Qualitative data from the focus groups was analysed using a theoretical thematic analysis approach in ATLAS.ti 23.4.0 for MacOS (ATLAS.ti Scientific Software Development GmbH, Berlin, Germany; https://atlasti.com),28 following Braun and Clarke'sReference Braun and Clarke29 six phases of thematic analysis. The thematic analysis combined manual and artificial intelligence techniques to generate themes (Table 1). Before inputting any data into data analysis tools, the transcripts were anonymised by replacing all names with an identifier indicating the co-researcher type (e.g.
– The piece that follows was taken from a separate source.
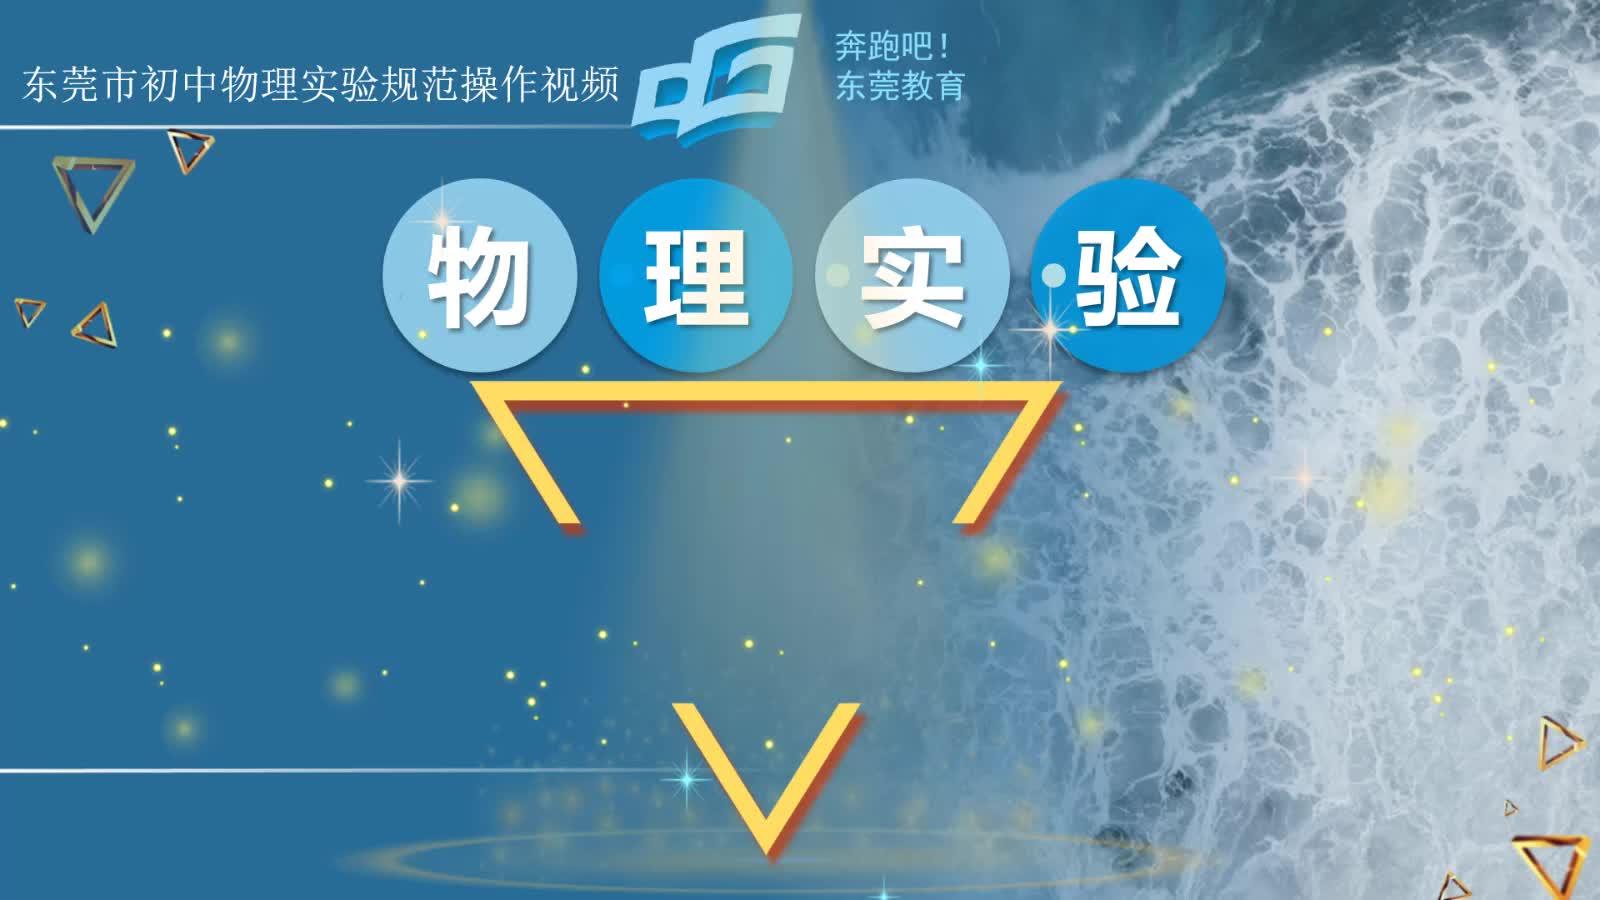 实验13:探究电流与电阻的关系 2021年广东省东莞市中考物理实验规范操作视频

PAR-1-PWID or PAR-2-CARER).

Table 1 Execution of Braun and Clarke's six phases of thematic analysis in the analysis of the co-production workshopsReference Braun and Clarke29

ATLAS.ti coding

Coding of the data was conducted using the ATLAS.ti ‘Intentional artificial intelligence coding’ feature, which codes the transcripts based on user-provided research questions or aims. This feature works by using generative pre-trained transformer (GPT) large language models, trained on a large body of texts and with human input. The transcripts are divided into chunks by ATLAS.ti, which are then repeatedly passed through GPT models, accounting for a ‘window of attention’ of at least 100 characters (text surrounding the text being assessed, to provide context). ATLAS.ti then automatically groups the artificial intelligence-generated codes into pre-specified categories based on the research purpose or questions input by the researcher (Table 2). Details are provided in the ATLAS.ti 24 user manual.30 As the artificial intelligence coding feature codes all text without focusing solely on co-designers’ responses, the original transcripts were revised to remove all facilitator comments. To meet the communication needs of the PwID, many of the questions in those workshops were phrased in simple yes/no and multiple choice formats. This meant that the facilitator question had to be incorporated into the PwID's response to ensure sufficient context for the artificial intelligence coding. Text that was added in this way was clearly marked as not being the co-designers’ own contribution by bolding the text and putting it in square brackets.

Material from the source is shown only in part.